Enhanced bactericidal activity of brucite through partial copper substitution

Abstract

Brucite Mg(OH)₂ belongs to a family of two-dimensional compounds with a CdI₂-type structure built up from layers of edge-sharing octahedra delineating 2D galleries. In the current study, nanometer-sized platelets of copper substituted Mg(OH)₂ were prepared by co-precipitation at room temperature in mixed alkaline (NaOH/Na₂CO₃) medium.

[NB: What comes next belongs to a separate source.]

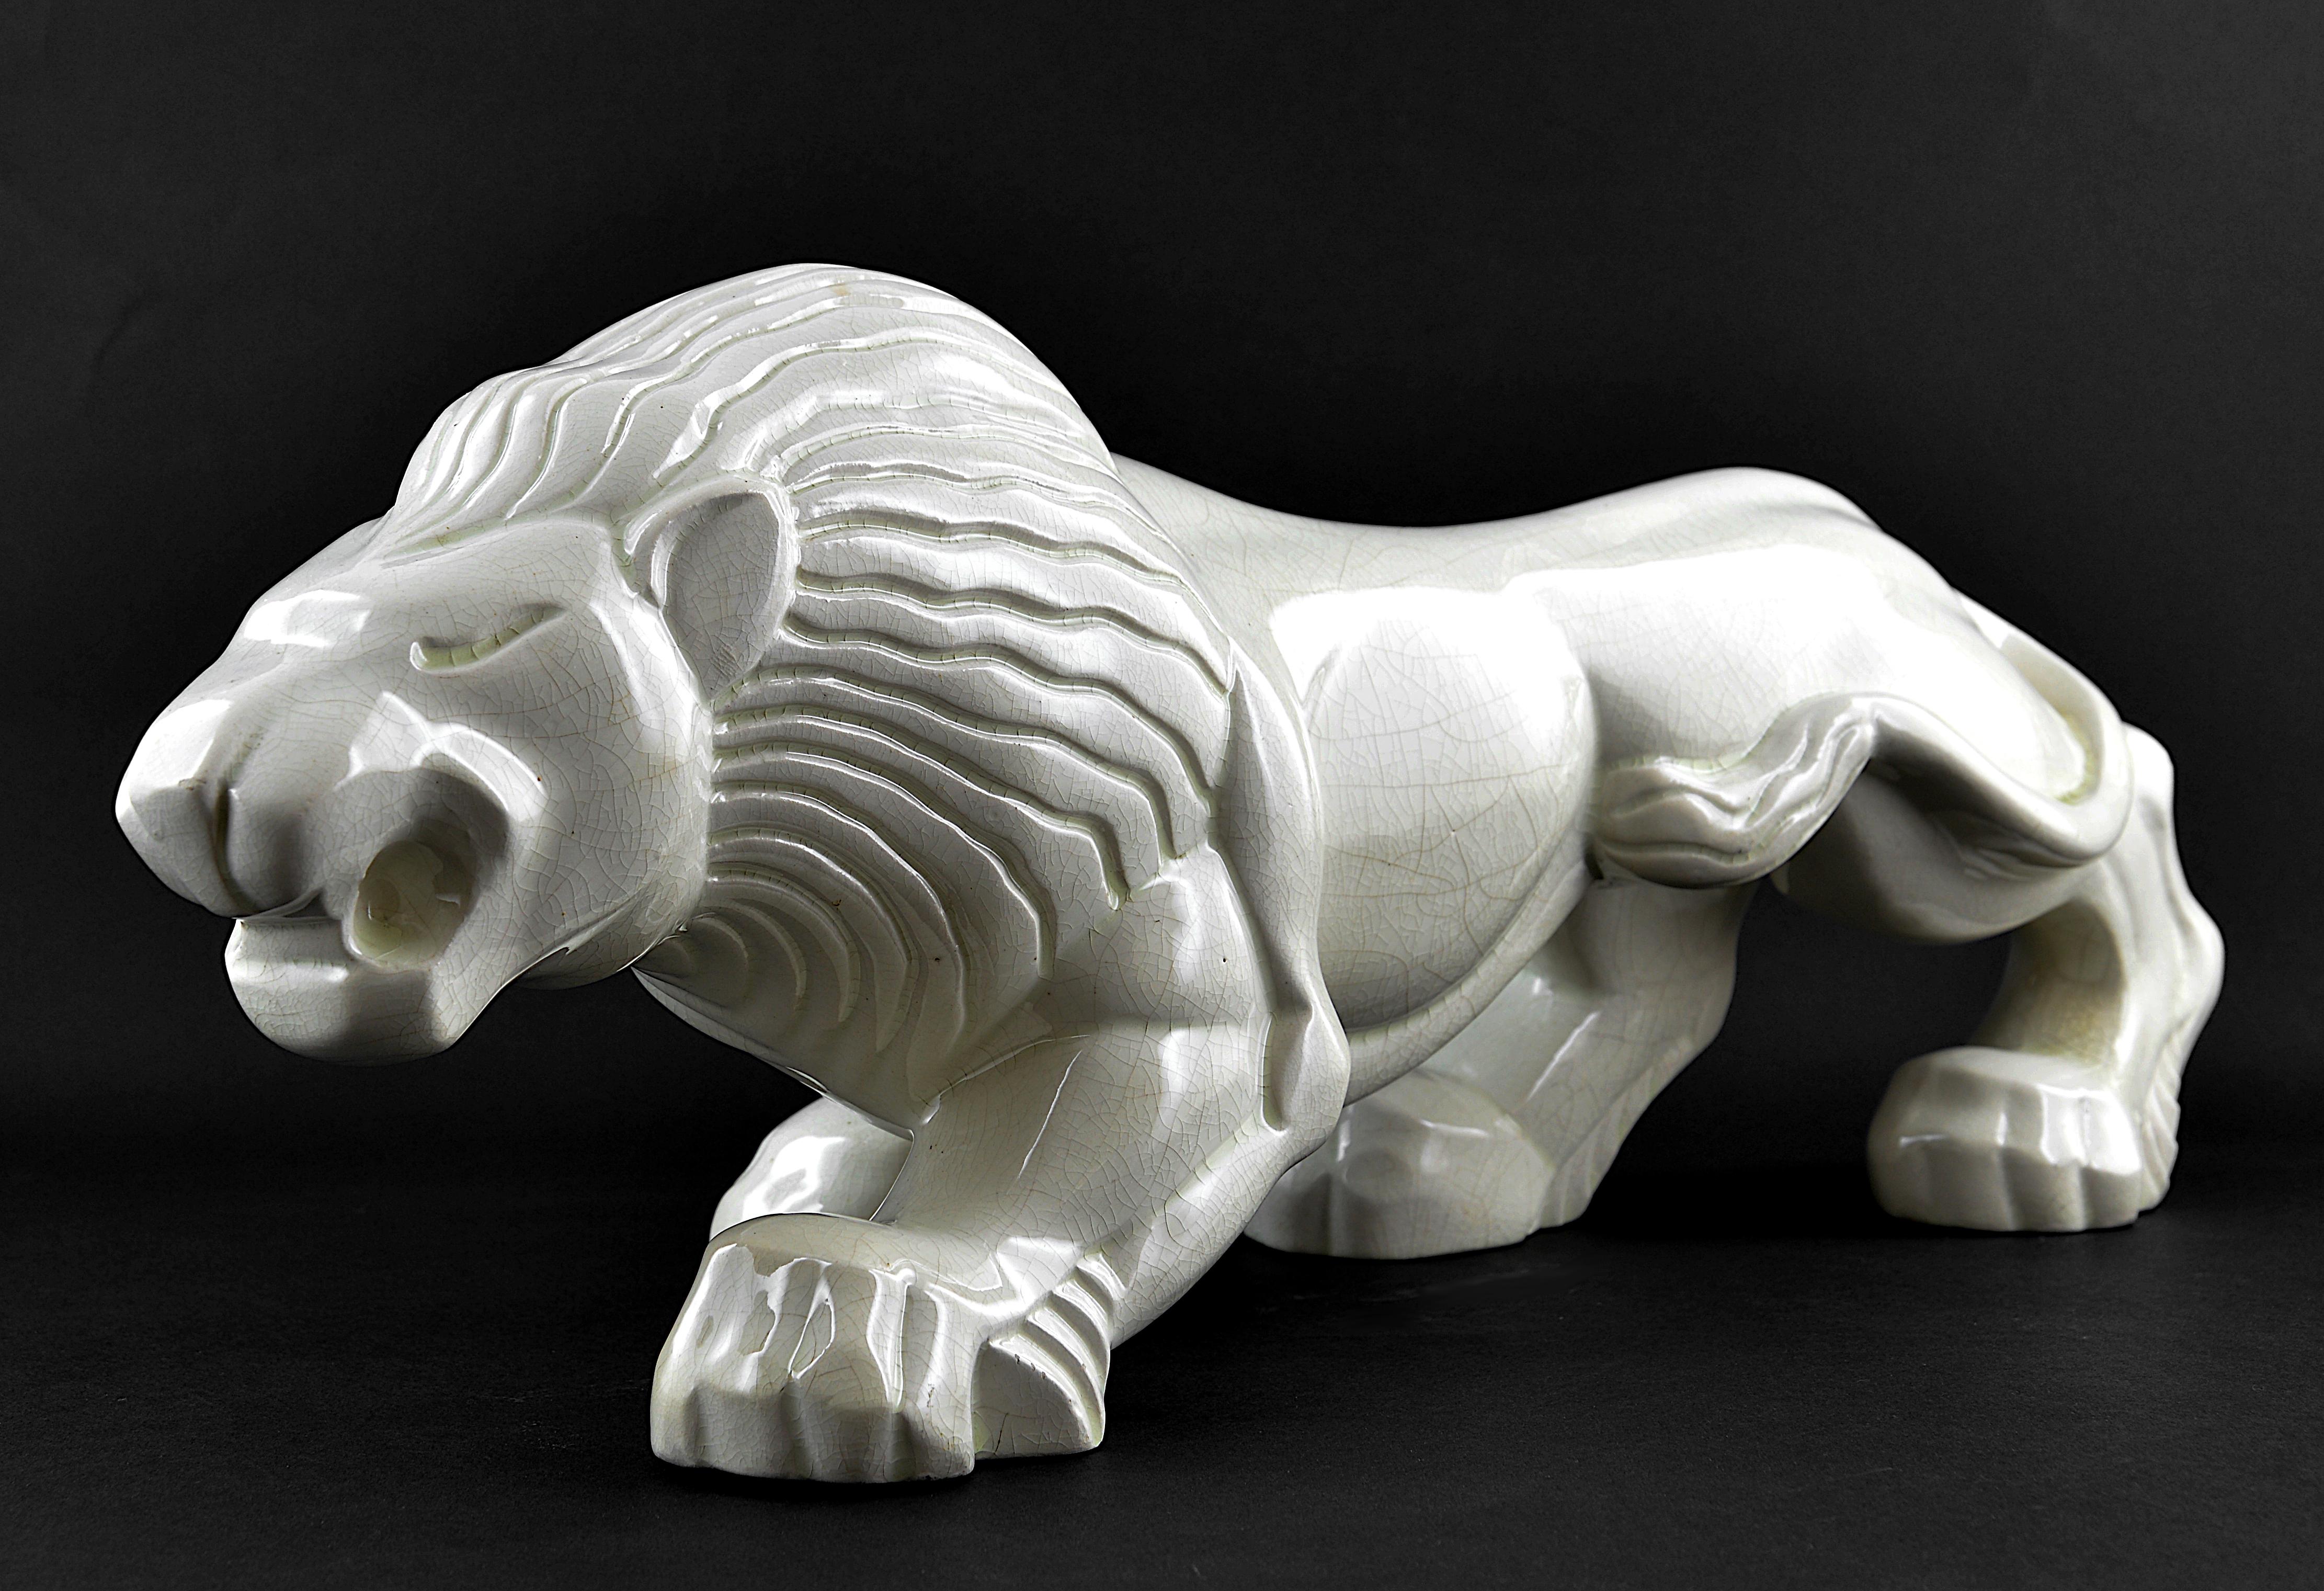 Any fair offer will be examined with the utmost attention, please send a message. Very rare lion by Charles Lemanceau at Saint-Clément's, France, circa 1925. French Art Deco glaze ceramic. Measures: Length 39 cm, 15.4 in., depth 11.5 cm, 4.5 in.,

Very weak substitution of a few hydroxyl ions by carbonate groups was highlighted at first by infrared spectroscopy and then quantified by thermogravimetric (TG) and mass spectrometric (MS) evolved gas analyses. The presence in a very low amount of water molecules in the galleries induces disorder in the stacking of layers of edge-sharing octahedra along the c-axis. The dehydration of the hydroxides taking place below 225 °C preserves the brucite-type structure of the samples while suppressing the stacking disorder. Copper substitution greatly enhances the bactericidal activity of nanometer-sized platelets of brucite against two bacteria frequently involved in healthcare-associated-infections. 10 mol% of cupric ions in Mg(OH)₂ (a copper loading of 0.102 mg mL^-1 in the suspension) were sufficient to induce, after 3 h in contact, 100% and 99.3% reductions in viability of Gram-negative E. coli and Gram-positive S. aureus, respectively (reductions as low as 23% and 48% are reported for the parent compound Mg(OH)₂ in the same conditions). A good compromise between fast bactericidal kinetics and a high reduction in viability is reached by the 15 mol% copper-substituted Mg(OH)₂ hydroxide. Its use gives the opportunity to five-fold reduce the copper loading of the bactericidal agent while being at least equally or even more efficient compared to the conventional CuO (a Cu loading of 0.799 mg mL^-1 and 0.154 mg mL^-1 in the suspension of CuO and 15 mol% copper substituted Mg(OH)₂ particles, respectively).